М.Р.: Важна также трактовка автором проблем и проблемной ситуации. Как он справедливо отмечает, “довольно часто лицо, принимающее решение, не в состоянии точно сформулировать свою цель (дальше самое интересное – М.Р.), или, как говорят в науке о принятии решений, построить проблемную ситуацию – четко и детально описать разность между текущим и желаемым (целевым) положениями”. Проблемная ситуация оказывается едва ли не синонимом цели, и одновременно теряется определяющее различение проблемы как цели, не обеспеченной средствами достижения, и задачи, для решения которой мы располагаем всем необходимым. Отсутствие фундаментального различения проблем и задач, естественно, приводит к тому, что дальнейшие построения осуществляются в задачной постановке…

[О.С.: На самом деле постановка так не специфицируется. А из обсуждения соотношения рациональности и ошибочности при введении термина “процедурная рациональность” в предисловии следует, что вместе с тем, что рецензент называет задачами, рассматриваются и цели, о которых мы не можем утверждать, что они обеспечены средствами достижения, но обоснованно предполагаем, что существующие средства могут быть (возможно, после ряда процедурно рационально определенных проб и ошибок) доработаны, приспособлены к их решению. Мои построения, как я уже отмечал, не относятся только к тем проблемам, решение которых требует нетривиальной исследовательской или изобретательской (поисковой) деятельности. Мне представлялось, что то, что я выразил метафорой о разности проектирования трактора и машины времени, является столь же само собой разумеющимся, как Ваш стол со стульями. Наверное, следует признать, что это надо проговорить явно в русском издании, если таковое состоится, а не оставлять подразумеваемым, как в английском.

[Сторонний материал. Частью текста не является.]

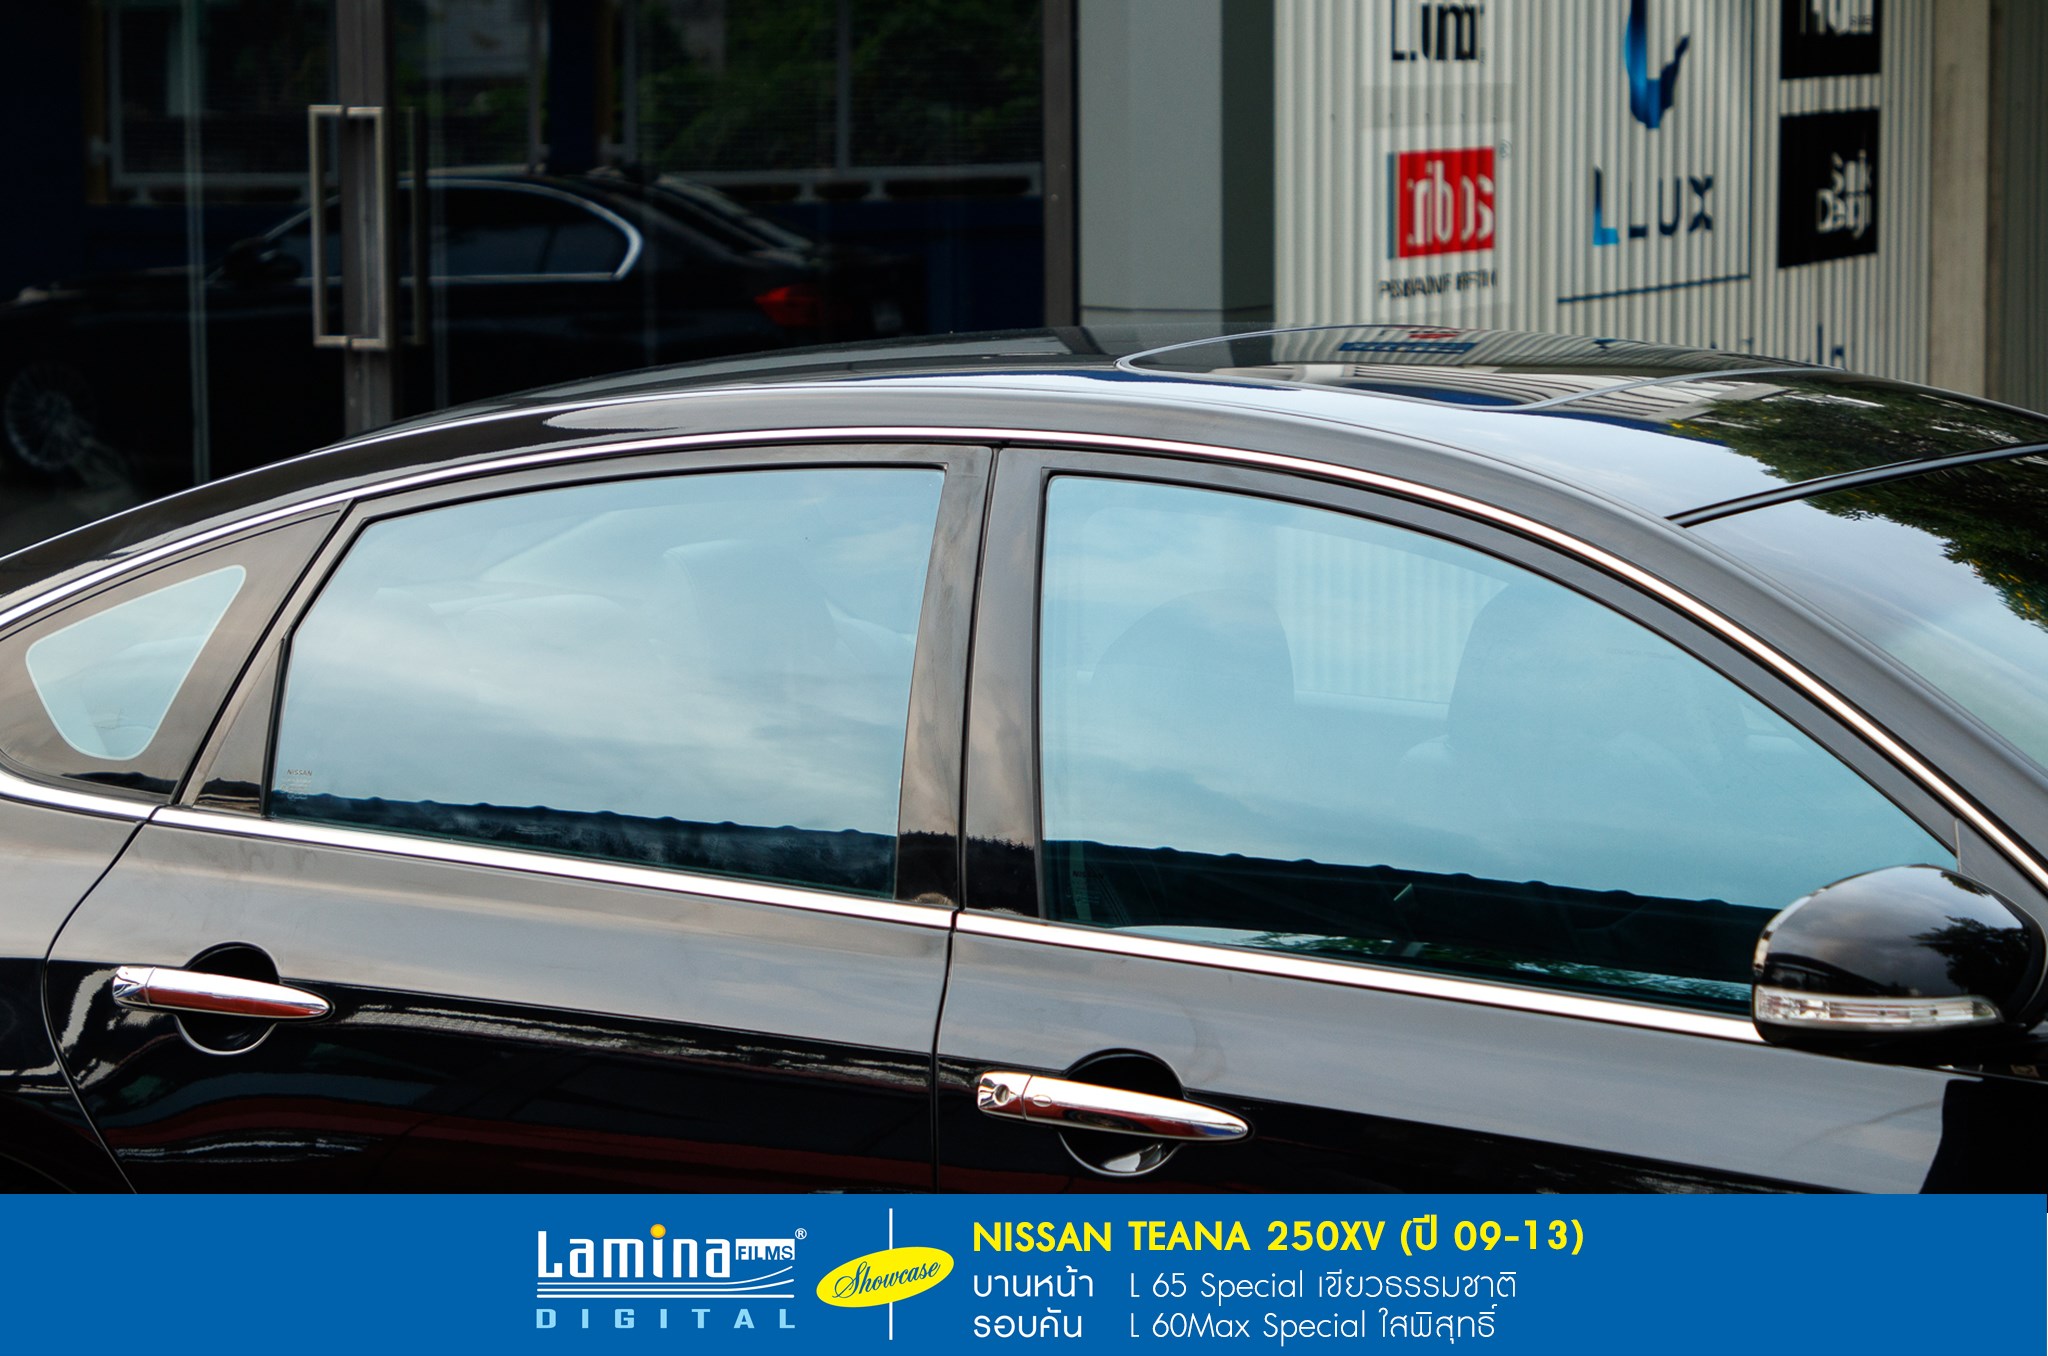 ฟิล์มใสกันร้อน lamina special series Nissan Teana 250xv 3

М.Р.: Боюсь, что последнего признания здесь недостаточно, поскольку проговореный Вами текст содержит очень показательные утверждения и вопросы. Во-первых, по поводу моей квалификации Вашей постановки вопросов как задачной Вы пишете: “постановка так не специфицируется”. Но, не различая проблем и задач, в принципе невозможно специфицировать постановку вопросов так или иначе. Смысл моего тезиса в том и состоит, что Ваша трактовка проблемной ситуации как ситуации неудовлетворенности существующим положением дел и осознания необходимости перемен (“разности между текущим и желаемым состояниями”) автоматически “склеивает” проблемы и задачи.

Видимо, к сказанному надо добавить, что задачи предполагают непосредственное (работа в библиотеке этому не мешает) решение, а проблемы требуют предварительной выработки отсутствующих методов и средств их решения. При этом в методологии проблемы и задачи трактуются как функциональные понятия. Это означает, что сама по себе никакая постановка вопроса не является ни проблемной, ни задачной (из Вашего ответа следует, что вы-то думаете, будто проблемы и задачи тоже существуют независимо от нас и это, разумеется, Ваше право): мы их можем ставить так или иначе на основе рефлексивного анализа, если различаем эти способы постановки. Сама постановка проблемы (как, впрочем, и задачи) оказывается особой и очень непростой работой. Но если постановка задач достаточно подробно обсуждается в хороших курсах логики и математики, то с прблематизацией, формированием “знаний о незнании” дело обстоит хуже. Хотя эта процедура была описана впервые еще в ХY веке Николаем Кузанским, она почему-то стала в дальнейшем и оставалась до недавнего времени достоянием преимущественно философов–идеалистов.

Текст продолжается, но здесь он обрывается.